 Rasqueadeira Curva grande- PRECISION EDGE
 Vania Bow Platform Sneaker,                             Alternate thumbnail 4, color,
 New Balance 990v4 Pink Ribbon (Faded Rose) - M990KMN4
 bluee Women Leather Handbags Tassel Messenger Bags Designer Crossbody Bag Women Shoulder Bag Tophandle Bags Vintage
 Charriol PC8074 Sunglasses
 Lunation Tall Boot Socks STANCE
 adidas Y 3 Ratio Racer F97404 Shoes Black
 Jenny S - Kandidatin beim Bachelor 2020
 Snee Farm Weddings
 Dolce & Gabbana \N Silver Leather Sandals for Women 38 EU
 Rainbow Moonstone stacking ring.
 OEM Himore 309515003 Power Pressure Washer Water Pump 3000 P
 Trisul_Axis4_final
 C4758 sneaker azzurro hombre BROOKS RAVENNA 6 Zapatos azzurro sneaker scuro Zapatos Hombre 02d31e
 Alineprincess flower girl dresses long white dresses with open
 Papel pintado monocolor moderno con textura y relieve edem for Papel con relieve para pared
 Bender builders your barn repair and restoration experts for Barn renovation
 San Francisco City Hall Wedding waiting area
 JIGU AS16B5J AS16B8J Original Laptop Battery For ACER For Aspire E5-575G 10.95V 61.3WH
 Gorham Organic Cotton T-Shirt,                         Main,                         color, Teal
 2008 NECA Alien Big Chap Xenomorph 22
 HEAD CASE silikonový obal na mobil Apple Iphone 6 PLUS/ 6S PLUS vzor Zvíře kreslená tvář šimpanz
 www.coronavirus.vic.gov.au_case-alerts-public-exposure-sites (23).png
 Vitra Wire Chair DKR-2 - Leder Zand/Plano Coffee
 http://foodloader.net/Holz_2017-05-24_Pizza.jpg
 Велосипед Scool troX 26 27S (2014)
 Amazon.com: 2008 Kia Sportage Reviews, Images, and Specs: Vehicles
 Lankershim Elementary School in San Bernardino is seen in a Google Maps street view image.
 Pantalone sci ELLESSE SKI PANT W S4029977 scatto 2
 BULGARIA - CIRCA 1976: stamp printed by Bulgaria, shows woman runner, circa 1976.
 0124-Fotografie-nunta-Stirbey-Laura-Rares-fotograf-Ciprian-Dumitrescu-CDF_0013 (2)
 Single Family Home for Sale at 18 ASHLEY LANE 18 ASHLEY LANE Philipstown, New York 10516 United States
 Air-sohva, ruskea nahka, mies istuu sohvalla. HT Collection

§ **Exercise prompt**
Copy the line containing "Single Family Home" exactly. Then copy every line after it through the end of the listing, and nothing more.

§ **Task solution**
 Single Family Home for Sale at 18 ASHLEY LANE 18 ASHLEY LANE Philipstown, New York 10516 United States
 Air-sohva, ruskea nahka, mies istuu sohvalla. HT Collection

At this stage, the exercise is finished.